Fig. 6. Spatially resolved neuronal atlas of LDTg, DTg, VTg, Sph, NI, CGA, CGB, and CGPn.

a Voronoi plots depicting cells of a ROI that includes LDTg, DTg, VTg, Sph, NI, CGA, CGB, and CGPn across 11 sequential sections from −4.7 to −5.8 bregma level. Glia/non-neuronal cells are in gray. b t-SNE plot of 120,182 neurons. c Stacked area charts showing each cluster’s cell frequency (cluster trajectory) across all 11 MERFISH sections. Clusters displayed by the Voronoi, t-SNE, and stacked area chart are color-coded according to the legend in (b). Clusters underlined in the legend represent external-to-the-ROI neuron types/glia contamination. d Dot plot of the top marker for each cluster. All differentially expressed genes in the dot plot have an average log fold-change >0.25 and an adjusted p-value <0.01. Test used: Wilcoxon Rank Sum two-sided Bonferroni-corrected Test. NA, no marker detected.

Fig. 7. In-depth characterization of the LDTg, VTg, DTg, and Sph.

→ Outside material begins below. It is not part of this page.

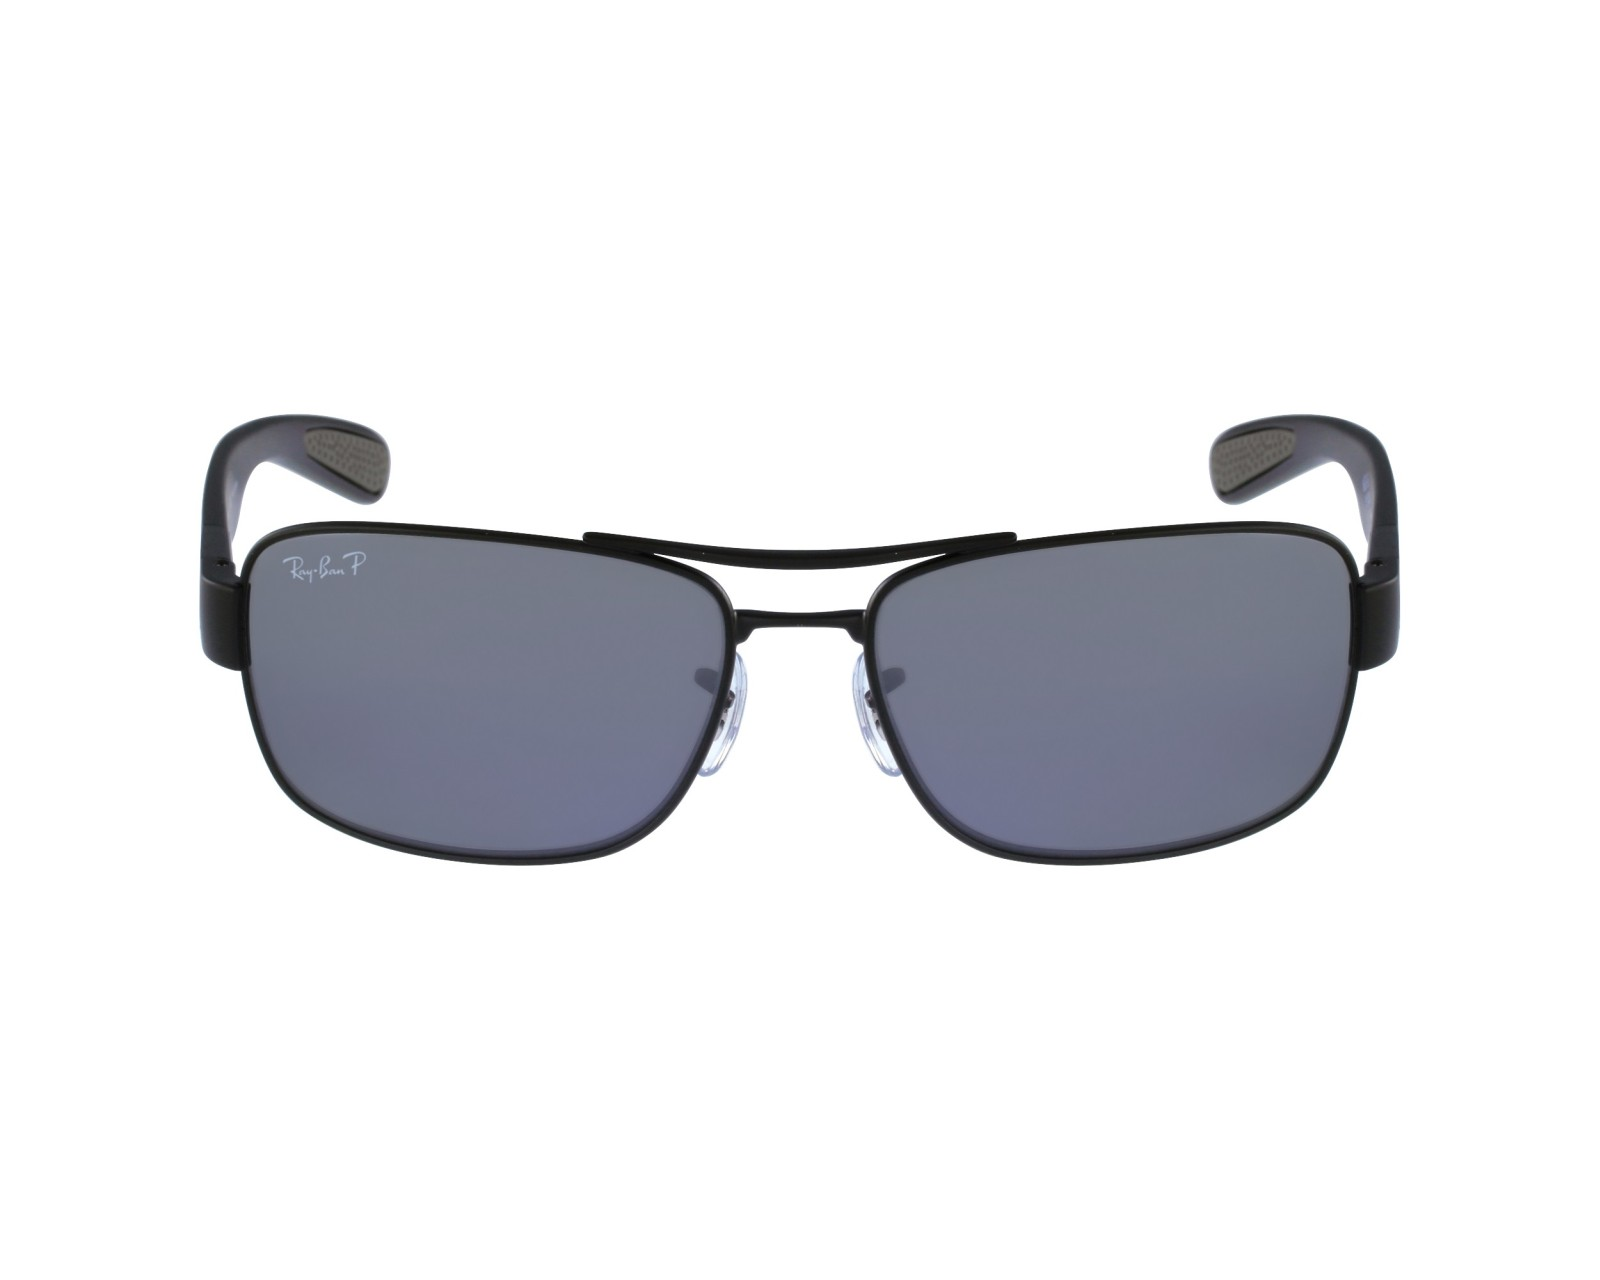 87263bc9ab7 thumbnail Sunglasses Ray-Ban RB-3522 006 82 - Black profile view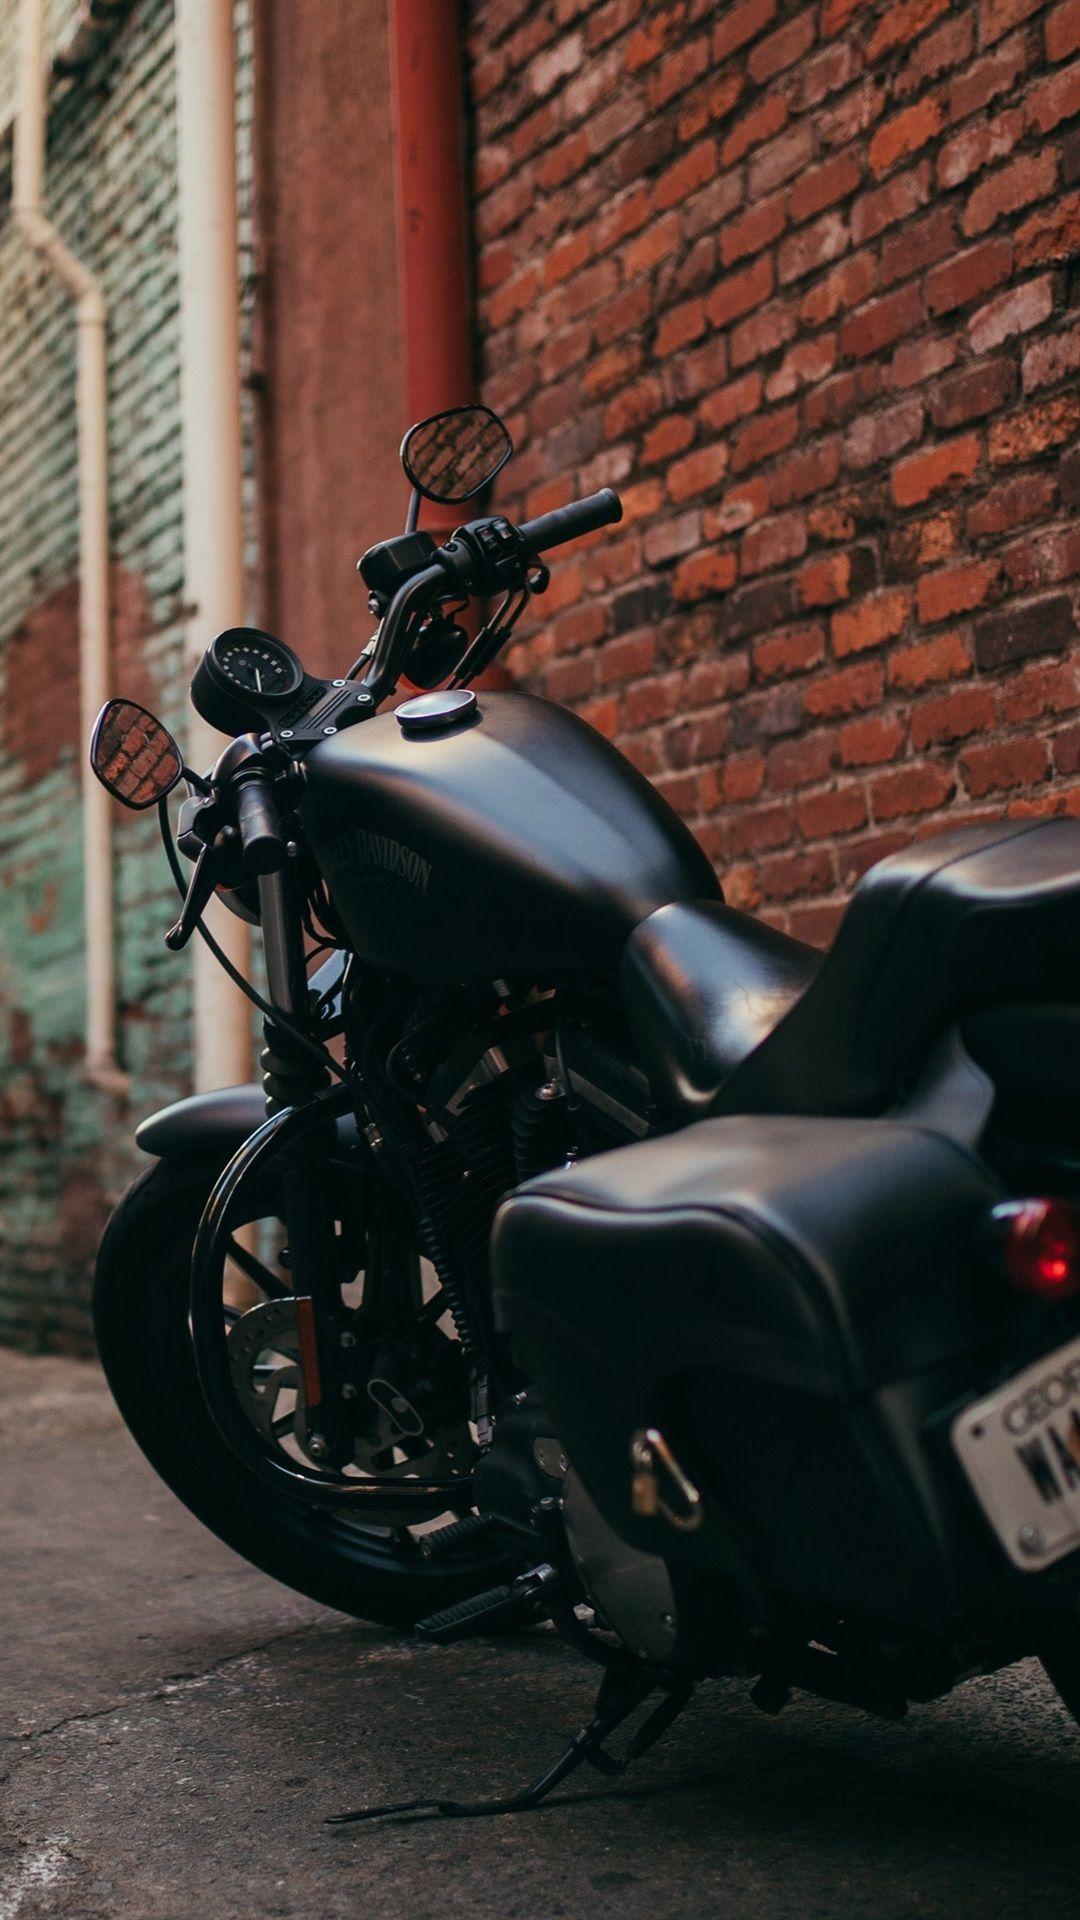 Harley Davidson Wallpaper Ios In 2020 Motorcycle Wallpaper Harley Davidson Wallpaper Harley Davidson

a Overlay of Franklin-Paxinos atlas anatomic boundaries on MERFISH image depicting Slc32a1, Chat, and Tnc transcripts. (scale bar: 250 μm). b Donut plots: the inner plot shows the overall contribution (%) of each cluster to the total LDTg/LDTgV neurons; the outer plot classifies the clusters as glutamatergic (red), GABAergic (light blue) and cholinergic (yellow). c Stacked area charts of the LDTg/ LDTgV cluster trajectory. Clusters are color-coded according to the legend in (b). d Left: donut plot showing the LDTg cell partition in glutamatergic (red), GABAergic (blue), and cholinergic (yellow) in this study and as reported by Luquin et al. Right: estimation of Glp1r+/Slc32a1+ and Glp1r+/Slc17a6+ cells in mouse LDTg by this study and as reported by Hernandez et al. e Schematic from the Paxinos atlas showing the VTg anatomical location. f MERFISH image showing cluster at4_6 (VTg neurons; cyan polygons) along with Slc32a1, Slc17a6, and Tph2 transcripts. (scale bar: 100 μm). g Donut plots: the inner plot shows the overall contribution (%) of each cluster to the total DTg neurons; the outer plot classifies the clusters as glutamatergic (red) and GABAergic (light blue). h Schematic from the Franklin-Paxinos atlas showing the DTg, Sph, NI, CGA, and CGB anatomical location from −5.02 to −5.8 bregma level. For (e, h), abbreviations refer to Table 1. i Stacked area charts of the DTg cluster trajectory. Clusters are color-coded according to the legend in (g). j Overlay of Franklin-Paxinos atlas anatomic boundaries on MERFISH images depicting Slc32a1, Ebf2, and Rfxfp1 (top) and Ebf2 and Rfxp1 marker genes (bottom) in the Sph. (scale bar: 100 μm). k Overlay of Franklin-Paxinos atlas anatomic boundaries on MERFISH images depicting Slc32a1 and Slc17a6 (top) and 9 marker genes (bottom) in the DTg across the same rostrocaudal levels. (scale bar: 100 μm). Legend is on the right side of both panels. In (b, g), only clusters contributing >0.5 % to the overall neuronal population were plotted.

Fig. 8. Cluster correspondence between mouse snRNA-seq and MERFISH data.

a Heatmap depicting the cluster correspondence between snRNA-seq (78,485 neuronal nuclei grouped in 127 clusters) and MERFISH atlases 1-4 (193,714 neuronal cells grouped in 114 clusters) datasets of the dPnTg. Legend defining the AUROC score and the “match type” (reciprocal vs non-reciprocal) is on the right side of (a). b Left: stacked bar plot showing the number of clusters with a match (orange) over the total clusters (gray) identified by MERFISH (atlases 1–4) and snRNA-seq approaches. Right: boxplot showing the AUROC scores distribution. The black middle line denotes the median value (50th percentile), while the gray box contains the 25th to 75th percentiles of the dataset. The black whiskers mark the 5th and 95th percentiles, and values beyond these upper and lower bounds, marked with black dots, are considered outliers. AUROC, area under the receiver operator characteristic curve; NA, no marker detected; CONT, glial contamination.